歌って認知症予防 音楽療法行事が人気 オリジナルCDも

中日新聞 2018年2月13日(火)
手拍子を交えて歌う参加者と堀内さん(右から3人目)=名古屋市中村区北畑町で
手拍子を交えて歌う参加者と堀内さん(右から3人目)=名古屋市中村区北畑町で

 名古屋市中村区北畑町の偕行会(かいこうかい)城西病院が、認知症のリハビリテーションとして開く音楽療法の催しが人気だ。昨年5月から水曜以外の平日に毎日開かれ、最近では毎月延べ200人以上が訪れるようになった。1月には参加者で作詞したオリジナルソングのCDも完成した。
 認知症の本人や家族らの情報交換などを目的に、2015年10月から院内で開く認知症カフェの一環。月に1回取り入れていた音楽療法が好評だったことから、病院は昨春に音楽療法士の堀内裕美子さん(23)を採用して本格的に始めた。
 現在は午前10時〜正午に、地域の70〜90代を中心に毎回20人ほどが参加。堀内さんがギターやキーボードで演奏して参加者が声を合わせる。「夕焼小焼」や「神田川」「北国の春」「およげ!たいやきくん」など70曲の歌詞が書かれたファイルから、参加者のリクエストに応じて手拍子を交えてゆっくりと歌う。ときには一人が得意の曲を披露する。

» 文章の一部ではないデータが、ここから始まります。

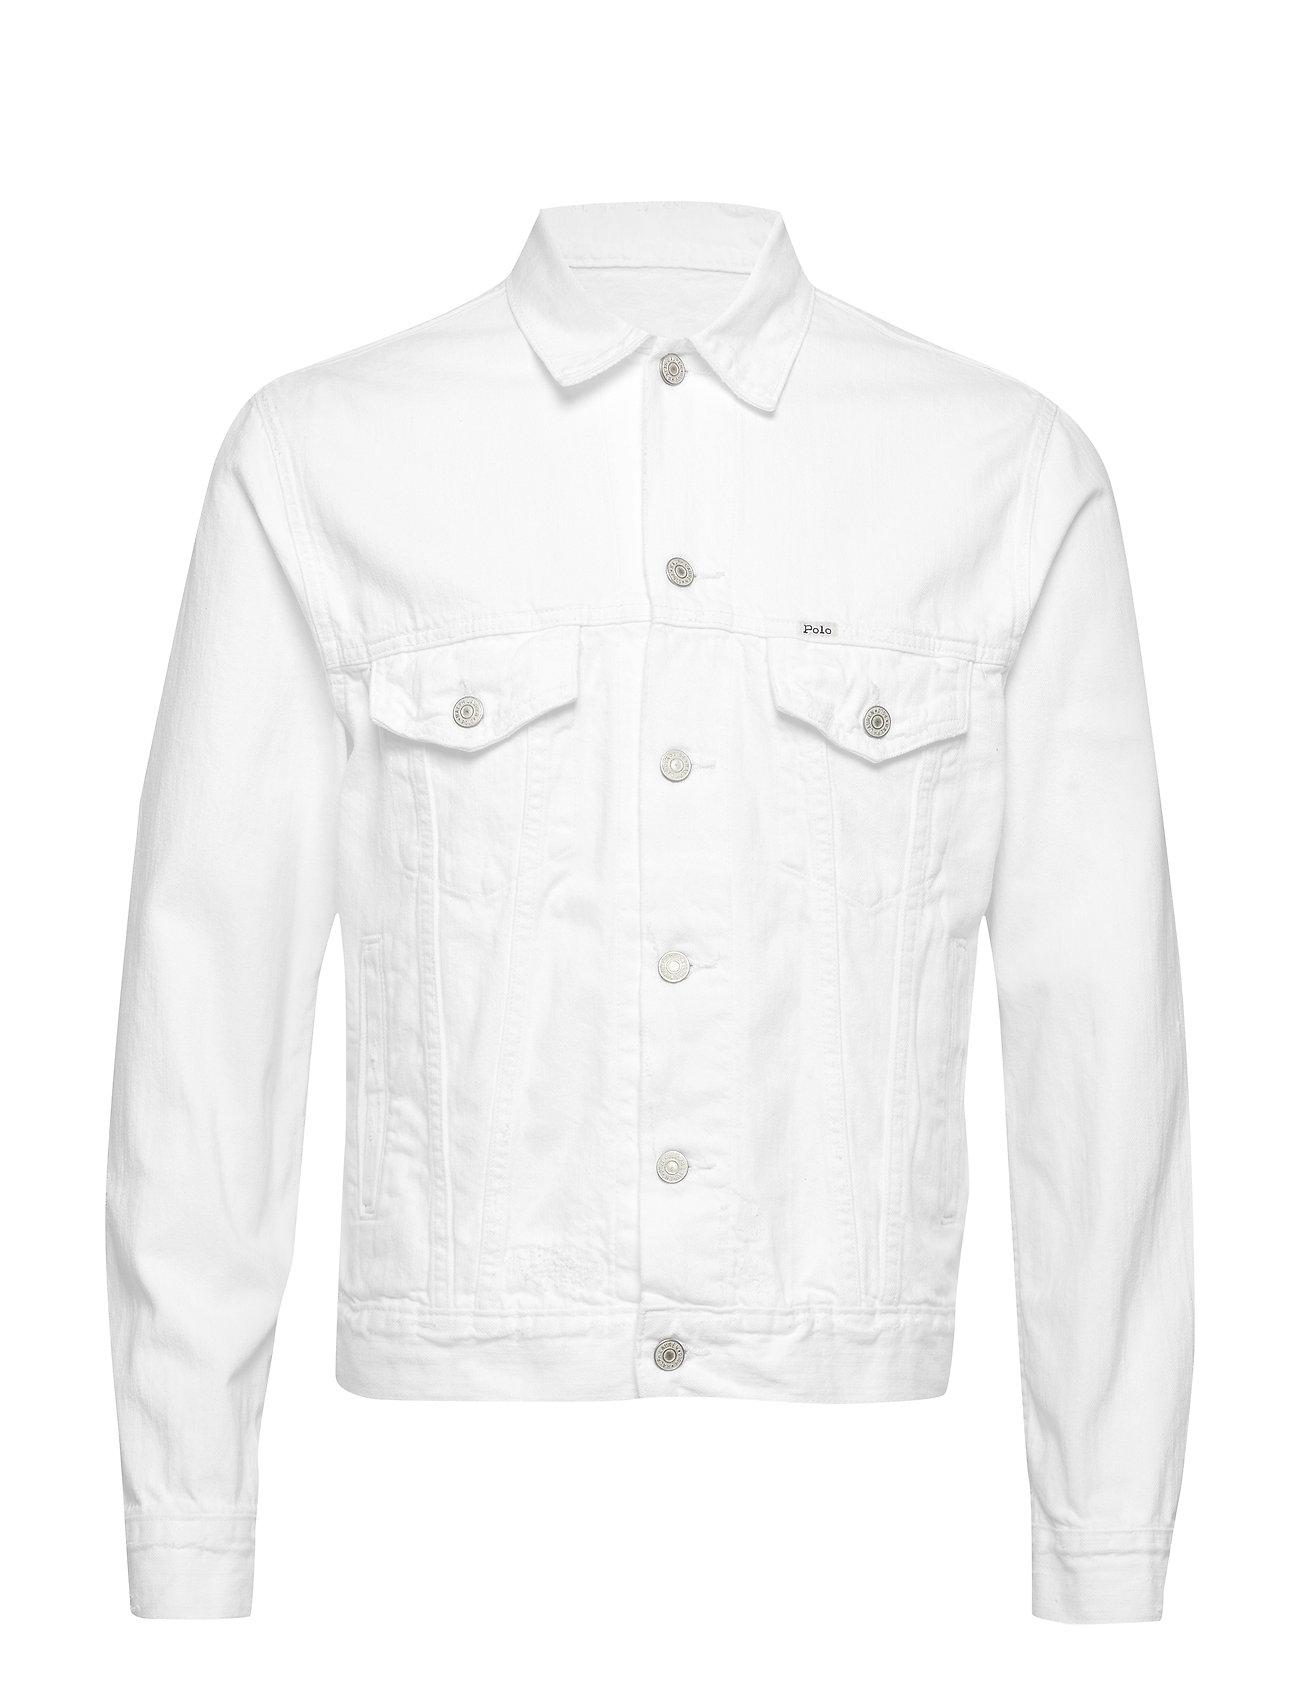 cb0e01f366c Denim Trucker Jacket (Stowe) (229 €) - Polo Ralph Lauren - | Boozt.com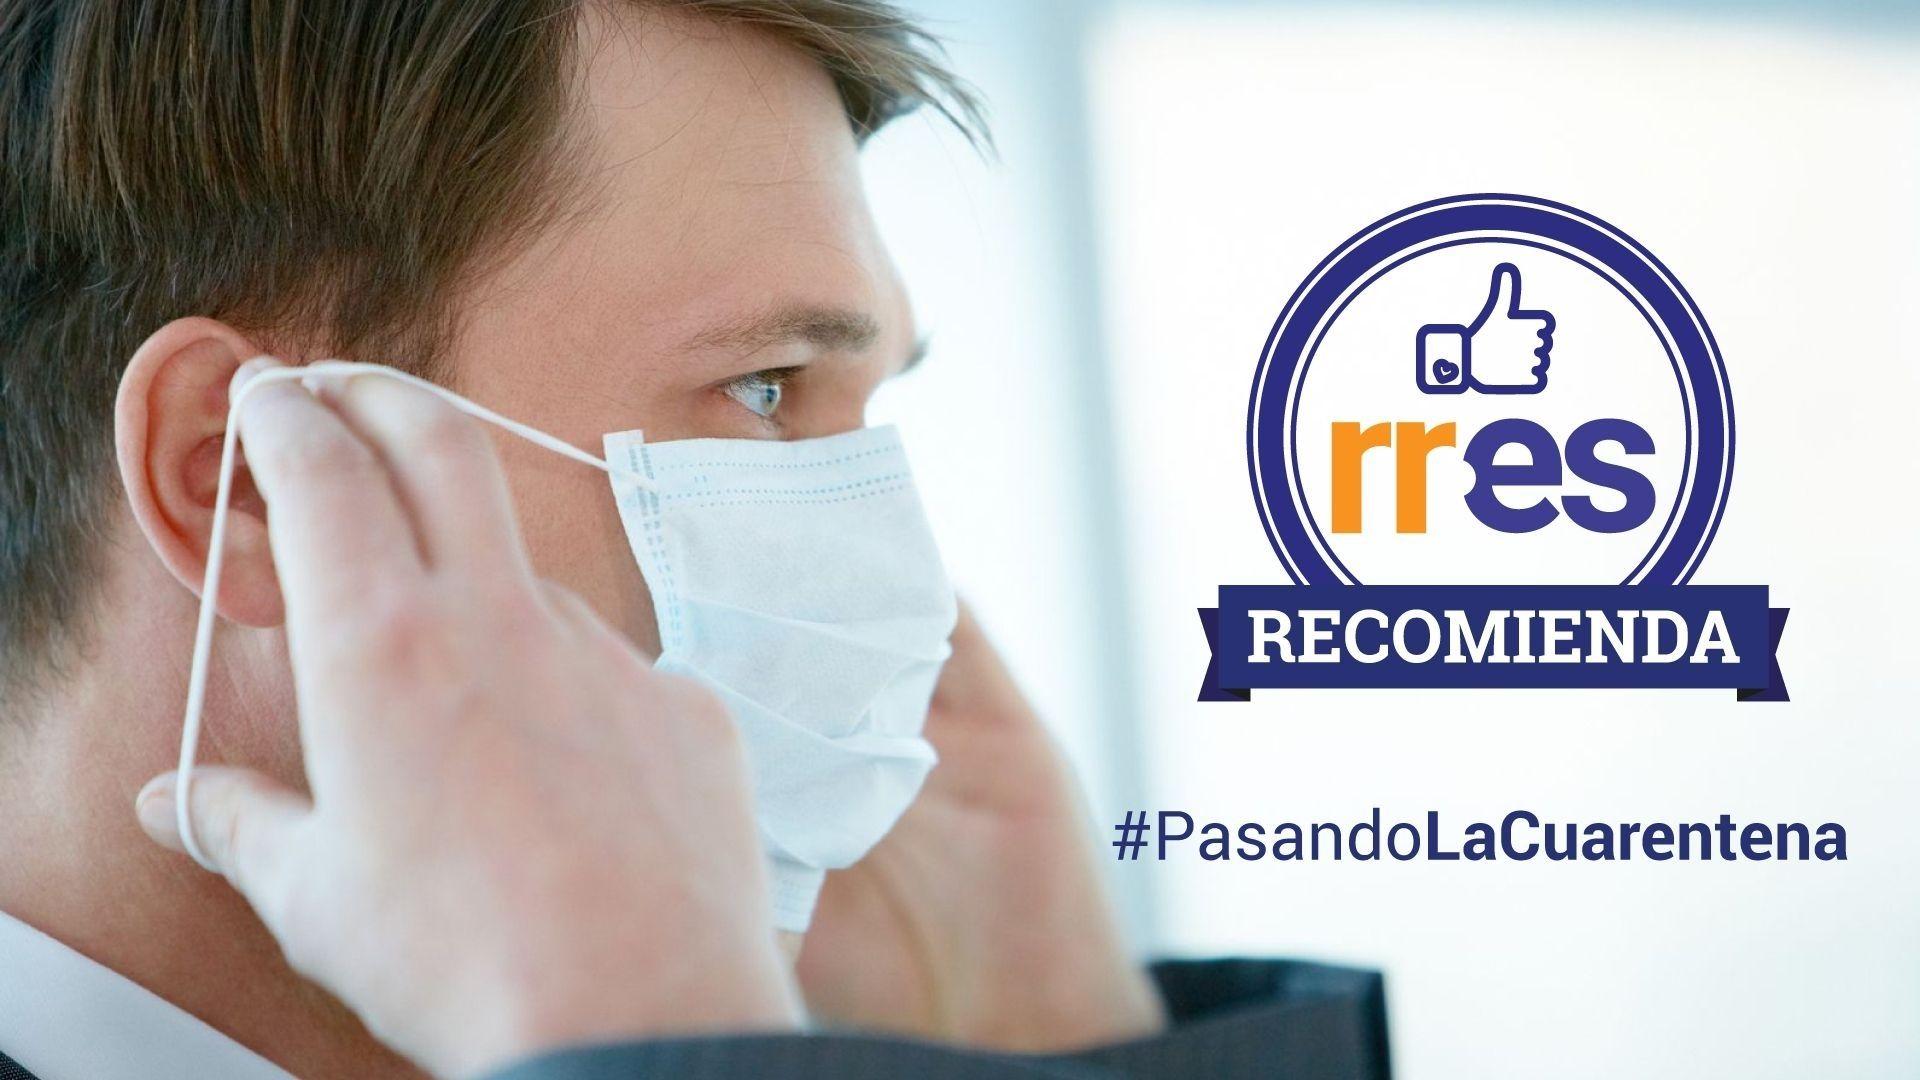 #PasandoLaCuarentena | Ejercicios físicos y fisioterapia respiratoria para afectados por COVID-19

 病院によると、音楽療法は、音楽を楽しむことで心身をリラックスさせ、健康の回復や向上を促す効果がある。思い出の曲などについて振り返りながら歌うことで、最初は硬かった表情が次第に柔らかくなるという。
 堀内さんは「一人一人にしゃべりかけて会話を楽しむことも大切にしている。花が好きな参加者には花について語ってもらうことも」と話す。夫の石川栄さん(86)と参加する妻明子さん(76)=中村区=は「認知症の主人もここに来るのが毎日の楽しみ。歌うと心も和む」と笑顔を見せる。
 参加者が作詞して完成した曲のタイトルは「いつまでもこの町で」。「尾張名古屋の城の西」「信長秀吉清正も 歴史ある町ロマンだな」「夢と希望をもって行こう」など地元ゆかりのフレーズも盛り込んだ。「この町でずっと暮らしたい」という思いを込め、催しの最初と最後に歌う。CDは、参加した人に無料で配っている。
 参加は無料。コーヒー1杯と菓子で100円。病院では、音楽療法とは別に認知症相談にも応じている。(問)病院総合相談窓口=0120(541)605 (福本英司)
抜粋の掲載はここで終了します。